There are no rules of hereditary succession to the feudal throne of the Imam of Yemen, and the reigning Sword of Islam wields it only so long as he can keep his enemies at bay. The enemies are many, the proliferation of pretenders spawned by his multi-wived Moslem relatives. But on his side the Imam has absolute powers : Macbeth’s castle and the Borgia palaces were holiday resorts compared with present-day Yemen, where ten of the current Imam’s brothers and most of his dozen sons have died violently in family infighting and palace intrigues.
Much of the latest bloodletting results from the aging Imam’s efforts to make sure that his favorite son, Seif el Islam el Badr, gets the Imamate when the old man dies. Crown Prince Badr is a nice young man, introduced by Egypt’s Nasser to anti-imperialist slogans and Russian technicians, but thus far Badr has displayed none of the bloodthirsty toughness required to seize and keep the Imamate. Three months ago. suffering from arthritis, rheumatism and heart trouble, the Imam traipsed off to Italy for a rest cure, traveling light with only one wife and one concubine (the other women in the entourage, explained an aide, are not his). The old man left Badr in charge in Yemen, and everyone expected trouble. Sure enough, trouble came.
No Pay. Recognizing that he may not be his father’s child of terror, and responding to genuine pressure from the Yemeni population for an end to feudal tyranny, Prince Badr at once set about winning the Imamate in an unheard-of way: enlisting popular support. He began unprecedented weekly talks to the worshipers in Taiz’s ancient Muzaffariya mosque, paid a surprise visit to an army barracks and ordered a 25% pay raise and free medical care for all soldiers. But before Badr could say “Reform,” disgruntled troops mutinied in Sana, declaring that the local governor had pocketed the payroll. In a surprising show of initiative, Badr rushed to Sana, fired the governor, the army commander and the police chief, and executed nine officers.

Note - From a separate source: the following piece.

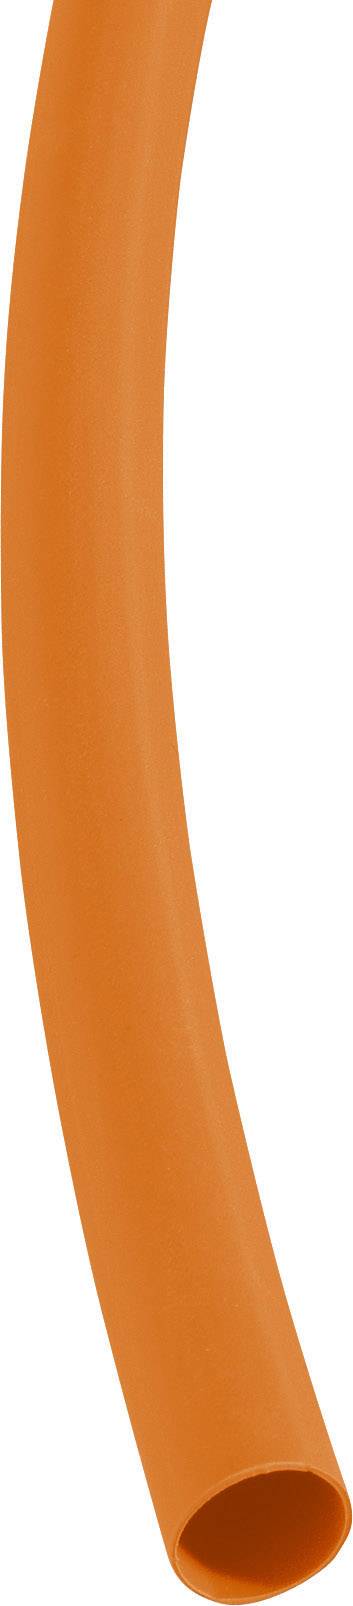 Smršťovací bužírka bez lepidla DSG Canusa 3290240203 3:1, -55 - +135 °C, 25.40 mm, oranžová, metrové zboží
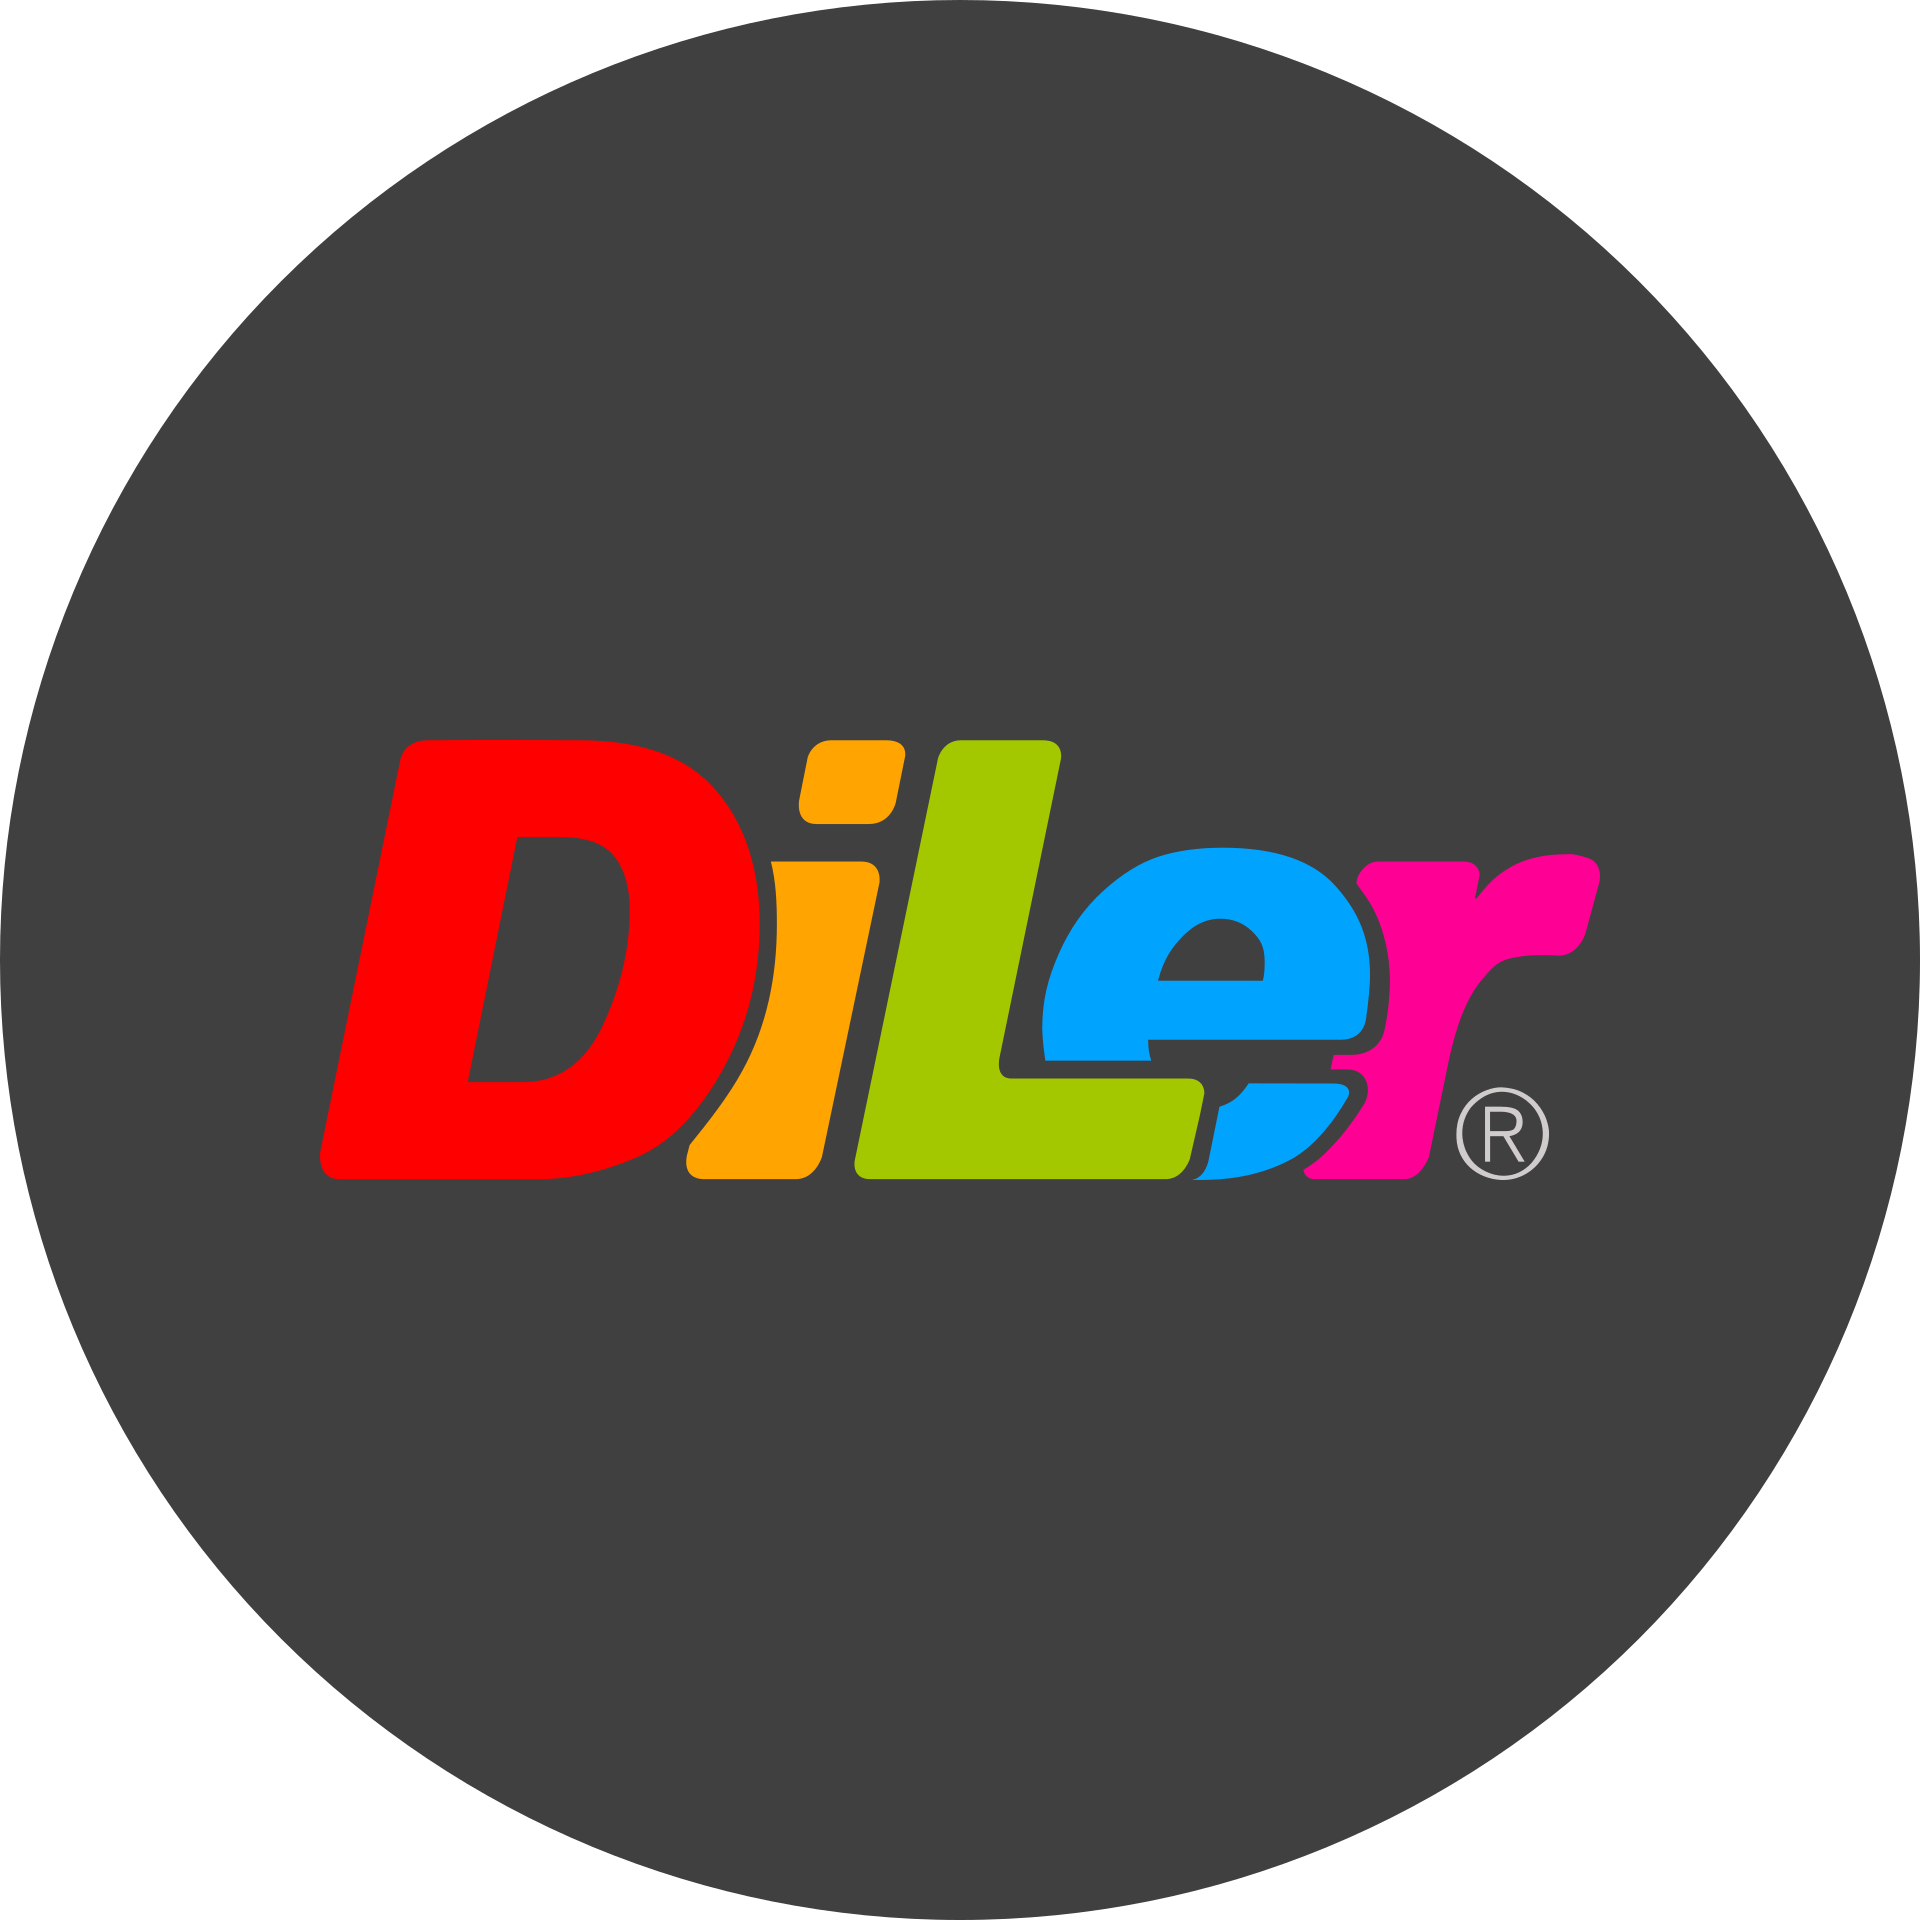 DiLer - Digitale Lernumgebung - Free Open Source Lernplattform - Learning Management System - Logo 1920

Hopeful that this flex of sinews would be enough, Badr invited Yemen’s more than 50,000 “expatriate brothers” scattered across the Middle East to come home and “participate by using their capital where it is needed.” He also appointed an eight-man representative council of regional leaders to advise him. But Yemen’s troubles had just begun.
No Encores. Fortnight ago in Taiz, a local judge dissolved the marriage of a soldier on complaint of his wife. The soldier was so angry that afterward he ran after the judge’s car. Flustered, the judge ran him down. The dead soldier’s comrades chased the judge to his home and began shooting it up. Surrendering to save his family, the judge was killed on the spot, and then, in that favorite democratic ritual in the Middle East, his body was dragged through the streets. In the excitement, civil control collapsed and the army last week took over Taiz, Yemen’s second capital, and for good measure seized Hodeida, the main Red Sea port, as well.
Cautious about pressing his luck with a second show of bravado, Prince Badr at week’s end was uneasily sitting tight in Sana waiting to see what would happen. Off in Rome, his disease-ridden father the Imam seemed unperturbed by reports of his chosen successor’s difficulties, and indicated that it was good for Badr to get a little practical experience.